The increasing number of private landlords is stopping first-time buyers getting on the property ladder, a report has claimed, reporting in inside housing
A study from public policy think tank The Strategic Society Centre has examined the wealth of private landlords and their impact on the housing market.
It found the number of private landlords as a proportion of the UK population has doubled in the last two decades, while the number of people renting privately has soared from 2 million in 2000 to 3.6 million in 2010/11.
The report argues the wealth of private landlords means first-time buyers struggle to compete for homes. It found the average property wealth of private landlords is £489,598 and financial wealth is £75,103. Average financial wealth for renters is £9,506.
James Lloyd, the director of the think tank, said: ‘The government champions “aspiration” and getting people onto the property ladder. But the last decade has seen the unending growth of the private rented sector, with more and more private tenants trapped renting seeing their dreams slip away.
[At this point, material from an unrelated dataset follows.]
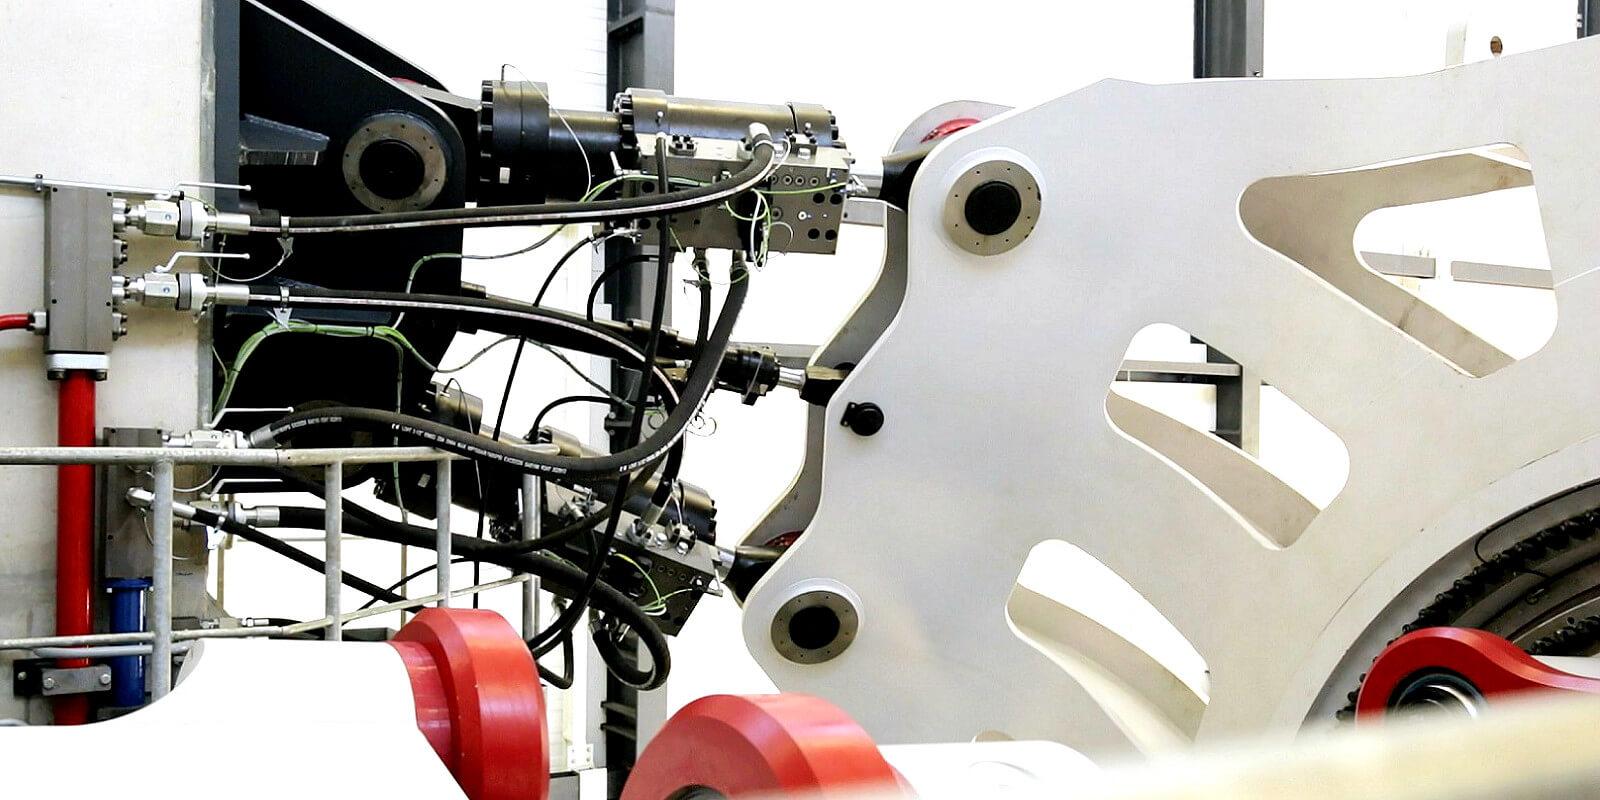 DyNaLab_Nacelle_Testing_Laboratory_Fraunhofer_IWES_Germany_Idom__0_

‘The government should urgently bring forward plans for new home building and shared-ownership schemes.
‘But building new homes will never be enough for the government to help people’s aspiration for homeownership without new restrictions to ensure that new build homes go to new homeowners.’
The report suggests a moratorium on buying new build homes with buy-to-let mortgages, a cap on the proportion of buy-to-let mortgages a lender can issue, and rules to stop short term tenancy agreements being drawn up on homes that are less than three years old.